QuPCG: Quantum Convolutional Neural Network for Detecting Abnormal Patterns in PCG Signals

TL;DR

This paper presents a hybrid quantum-classical CNN that classifies abnormal heart sounds using a novel transformation of PCG signals into compact quantum-friendly images, achieving high accuracy and pioneering bioacoustic quantum applications.

Contribution

Introduces the first quantum convolutional neural network for bioacoustic signal analysis, transforming PCG signals into 8-qubit images for efficient quantum processing.

Findings

93.33% classification accuracy on test set

97.14% accuracy on training set

First application of QCNN in bioacoustic signals

Abstract

Early identification of abnormal physiological patterns is essential for the timely detection of cardiac disease.
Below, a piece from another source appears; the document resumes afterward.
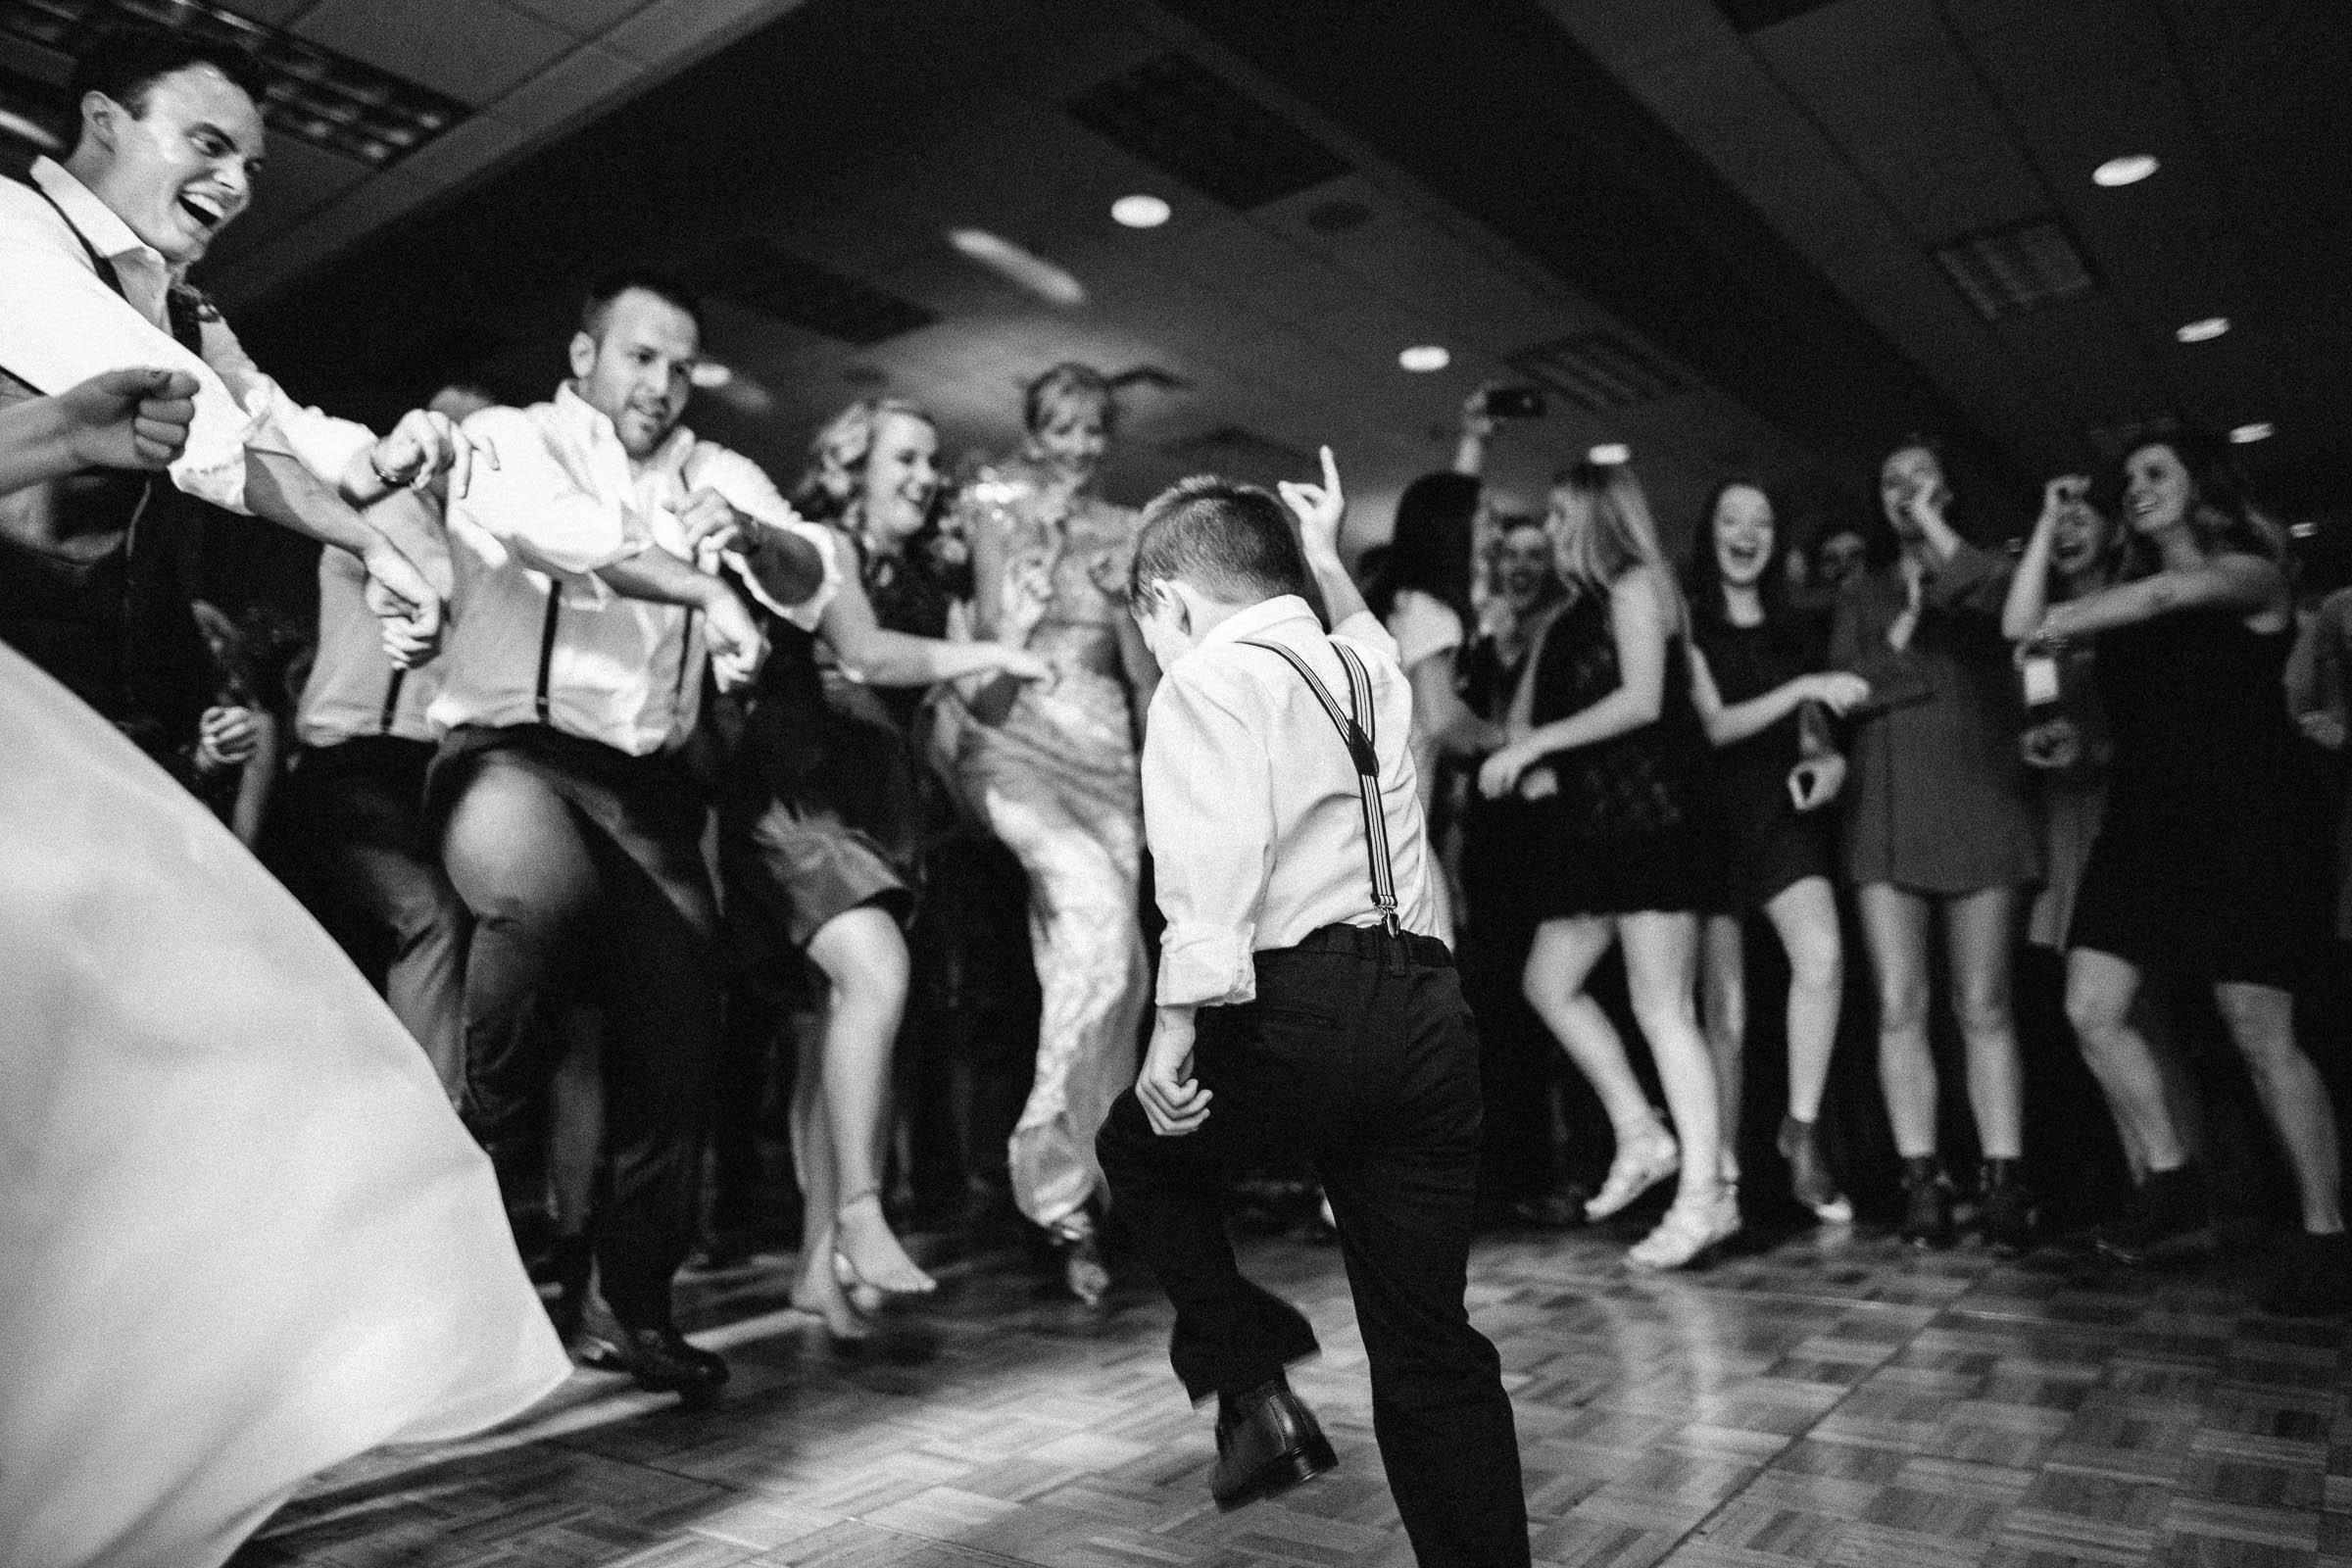 Jenna&Austin_SiouxFalls_Wedding_Photographer_123.jpg

This work introduces a hybrid quantum-classical convolutional neural network (QCNN) designed to classify S3 and murmur abnormalities in heart sound signals. The approach transforms one-dimensional phonocardiogram (PCG) signals into compact two-dimensional images through a combination of wavelet feature extraction and adaptive threshold compression methods. We compress the cardiac-sound patterns into an 8-pixel image so that only 8 qubits are needed for the quantum stage. Preliminary results on the HLS-CMDS dataset demonstrate 93.33% classification accuracy on the test set and 97.14% on the train set, suggesting that quantum models can efficiently capture temporal-spectral correlations in biomedical signals. To our knowledge, this is the first application of a QCNN algorithm for bioacoustic signal processing. The proposed method represents an early step toward quantum-enhanced diagnostic systems for resource-constrained healthcare environments.